→ **Problem requirements**
With the pictures left out, print exactly the lines below that run from the one containing "Cojín para silla" through the one containing "Sun Bum SPF50 Face Lotion".

→ **Dataset entries**
○ ○ ○

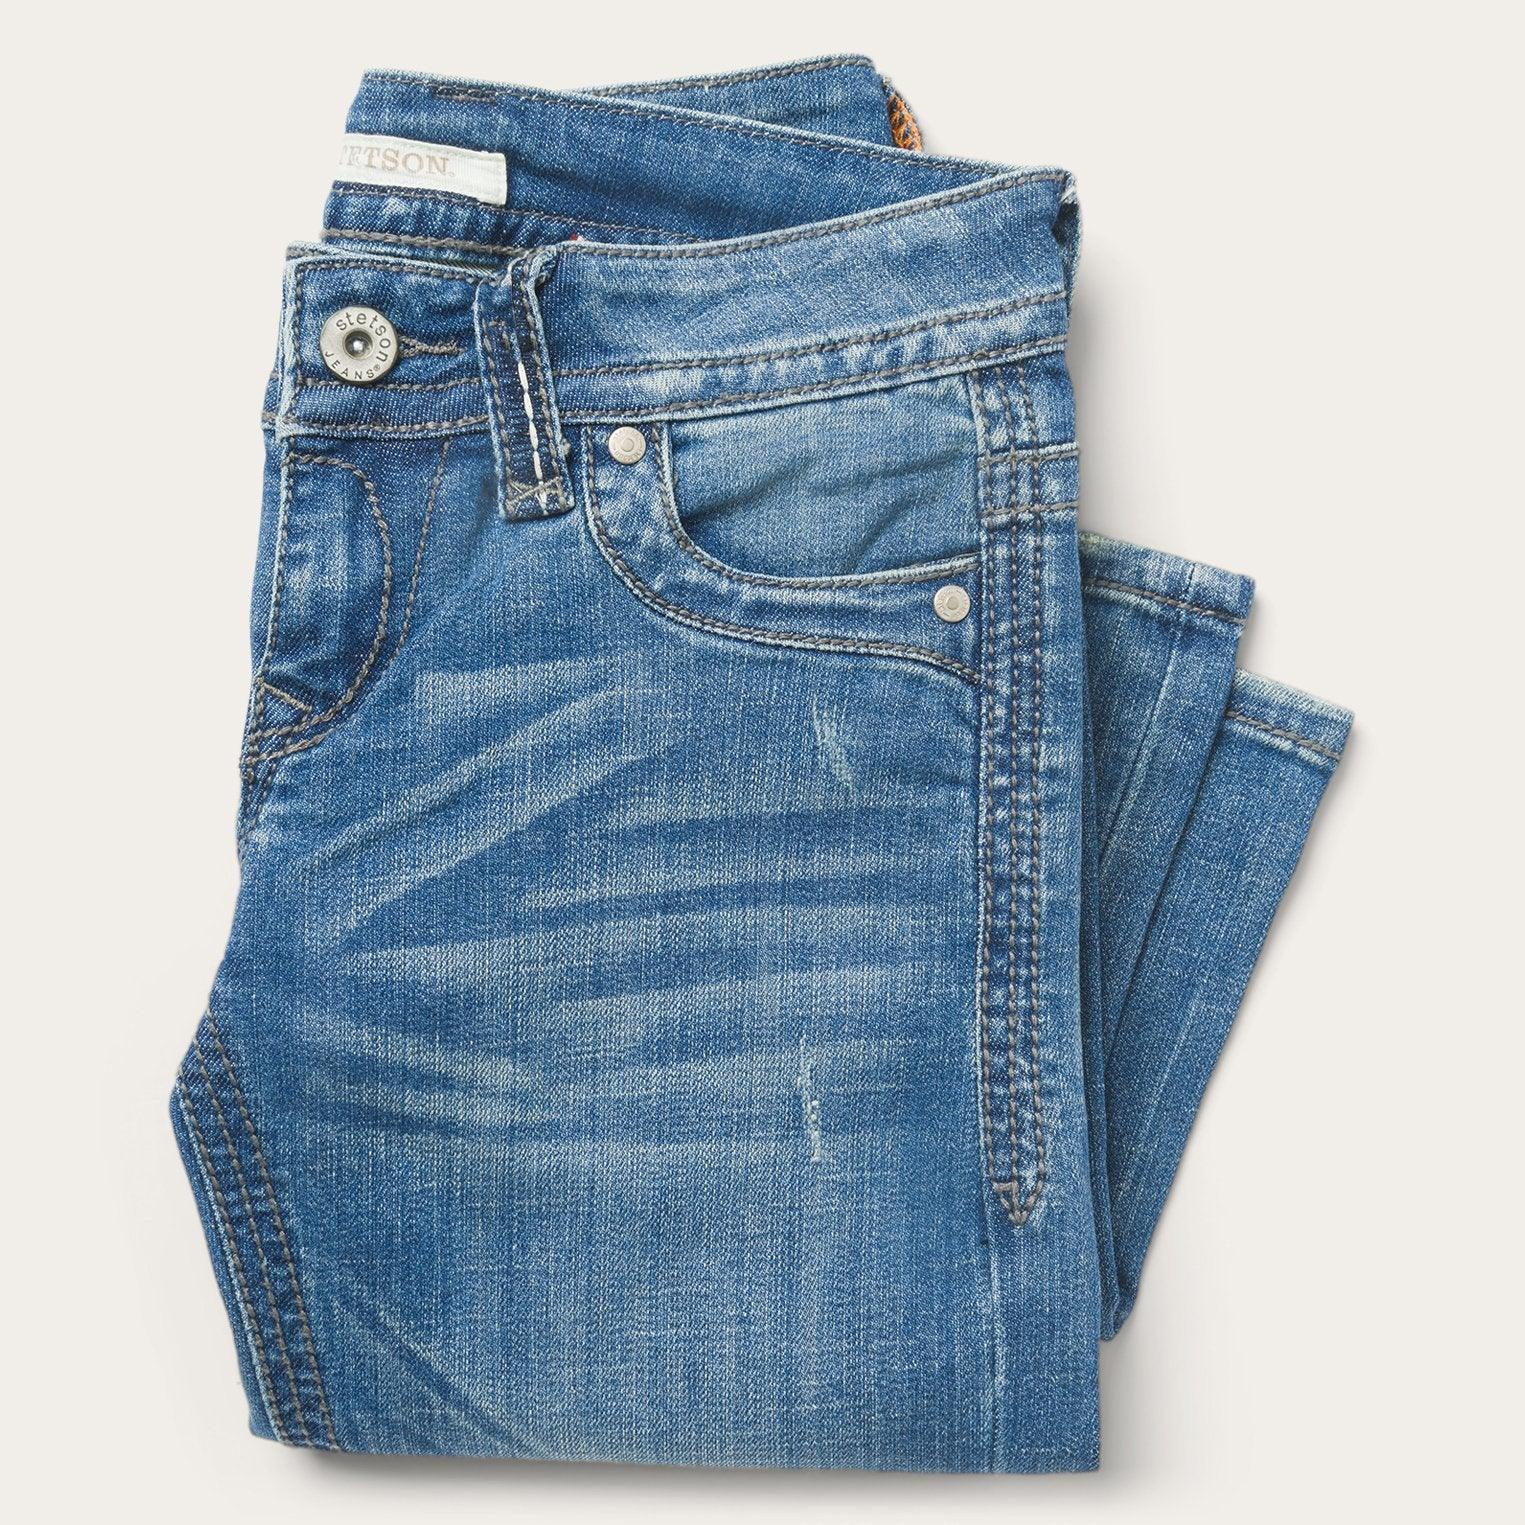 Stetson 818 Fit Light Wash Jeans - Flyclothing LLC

○ ○ ○

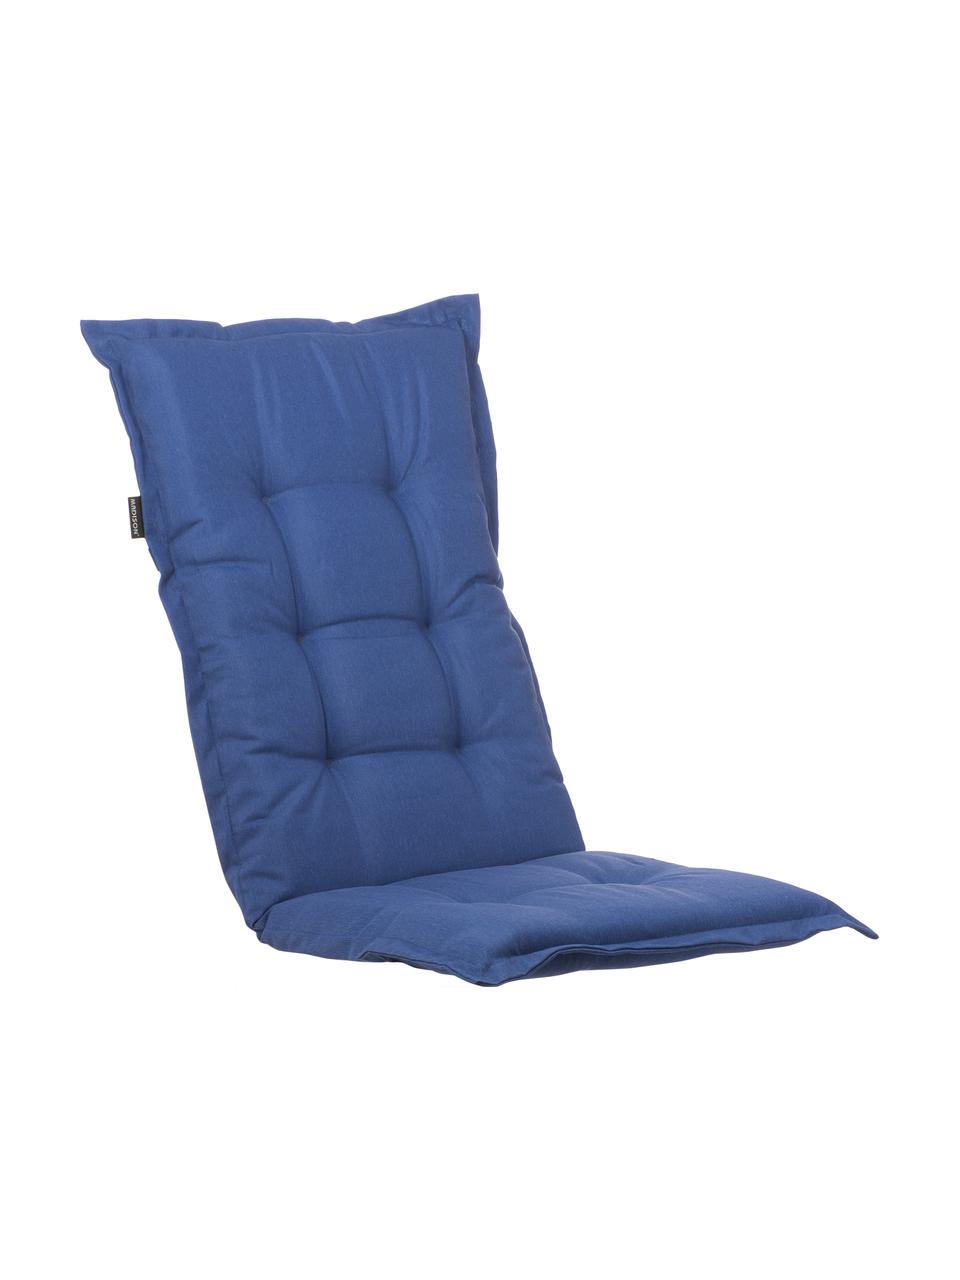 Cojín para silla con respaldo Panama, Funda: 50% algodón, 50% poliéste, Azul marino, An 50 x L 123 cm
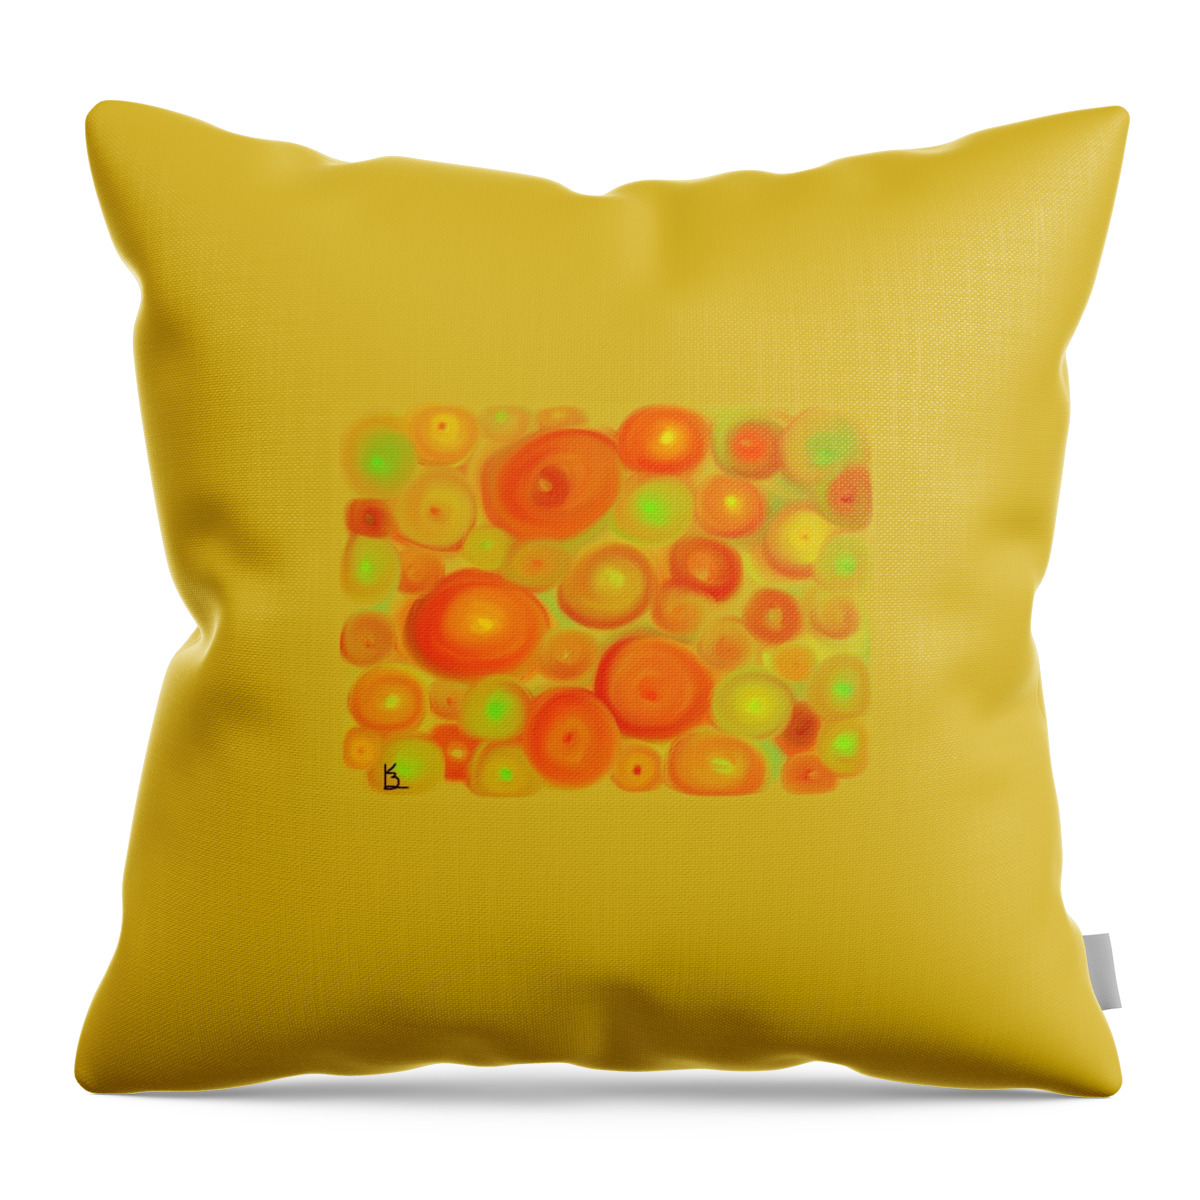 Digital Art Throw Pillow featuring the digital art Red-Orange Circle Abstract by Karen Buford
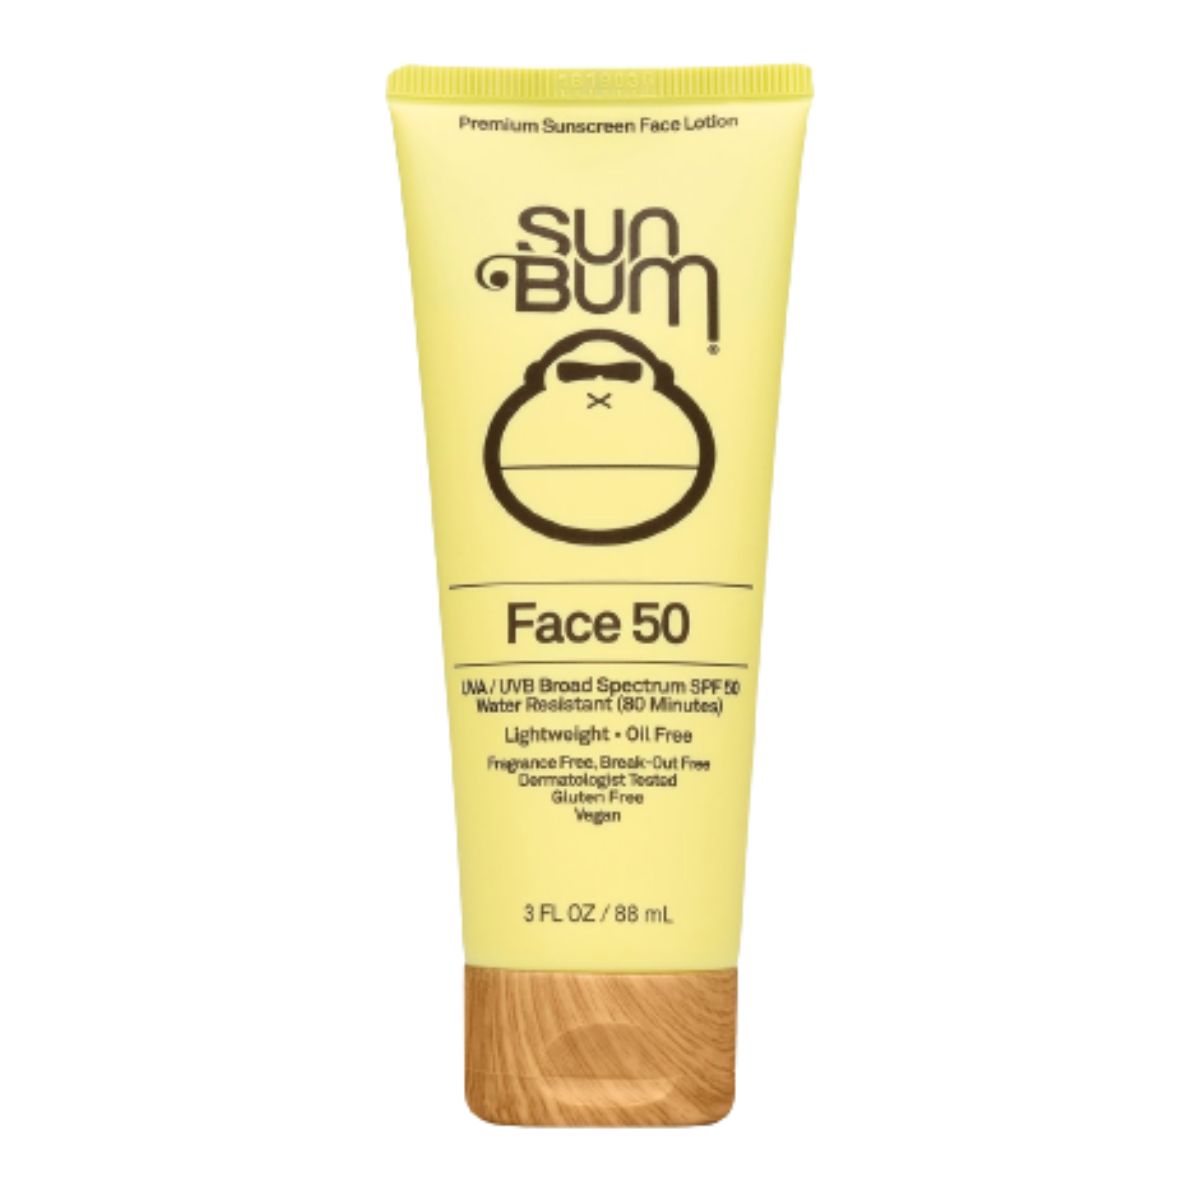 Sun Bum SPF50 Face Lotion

○ ○ ○

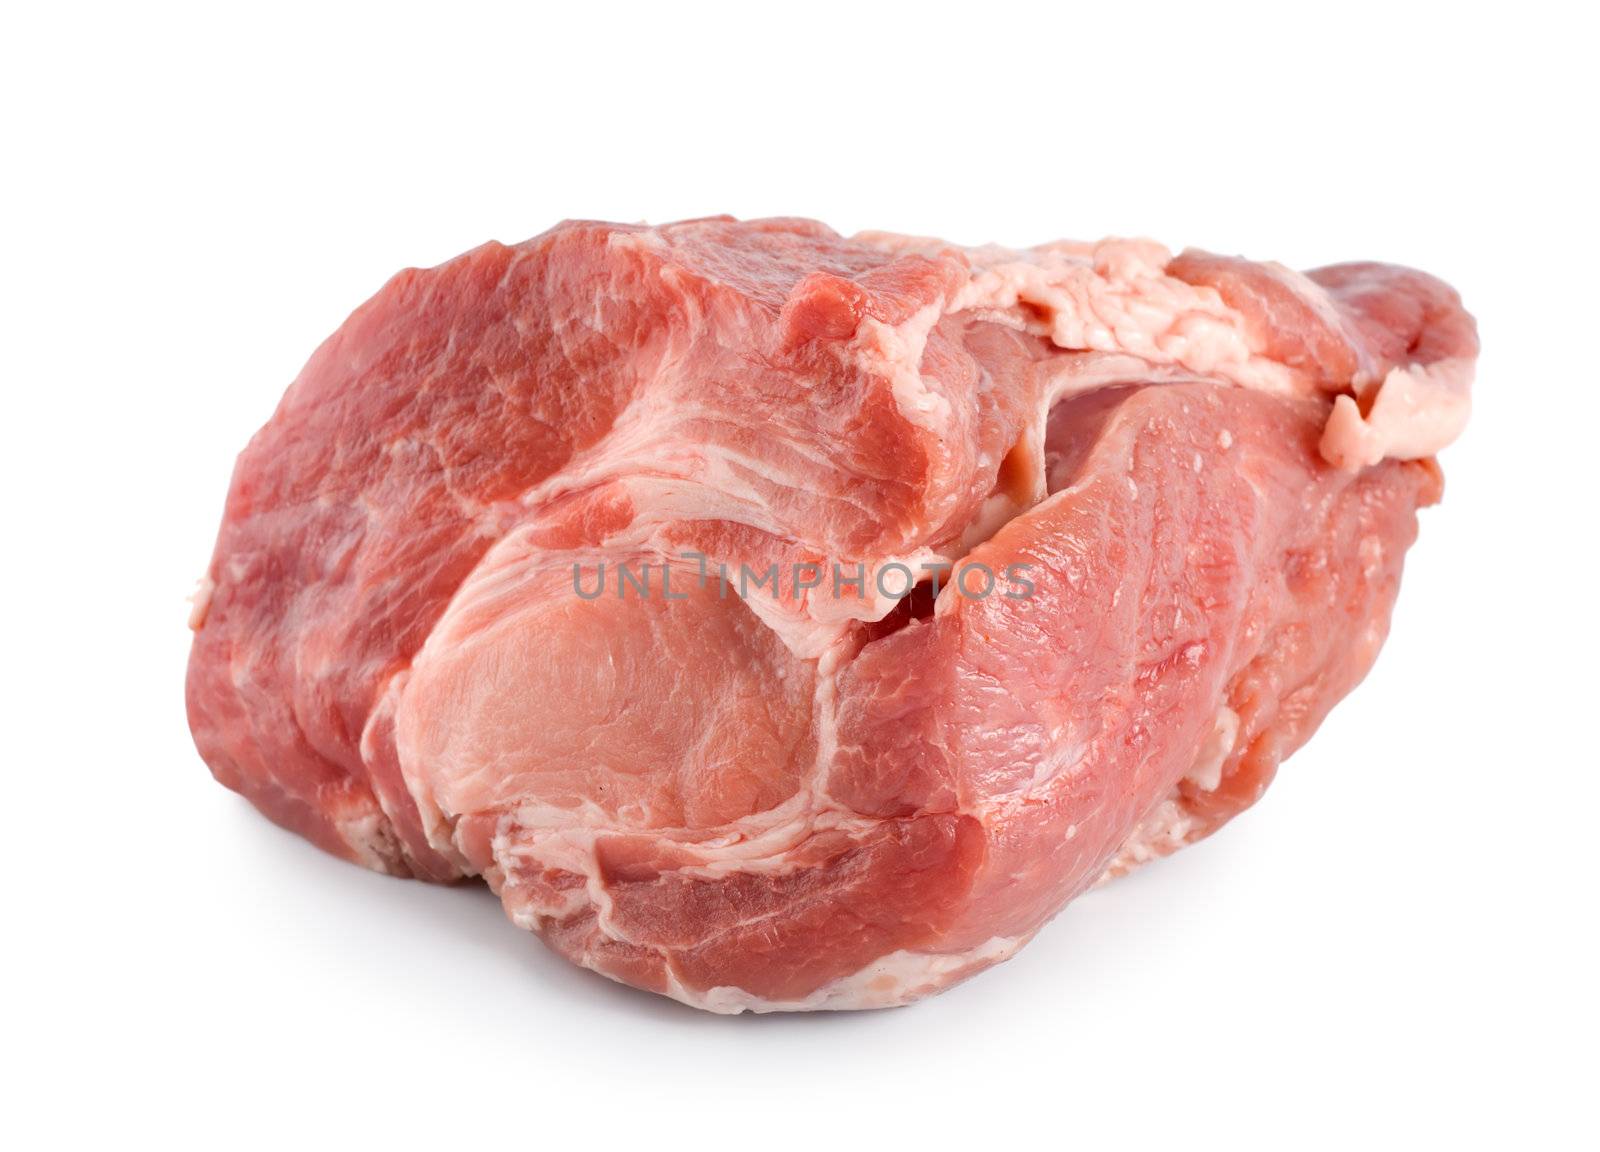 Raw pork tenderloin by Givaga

○ ○ ○

→ **Response below**
 Cojín para silla con respaldo Panama, Funda: 50% algodón, 50% poliéste, Azul marino, An 50 x L 123 cm
 Digital Art Throw Pillow featuring the digital art Red-Orange Circle Abstract by Karen Buford
 Sun Bum SPF50 Face Lotion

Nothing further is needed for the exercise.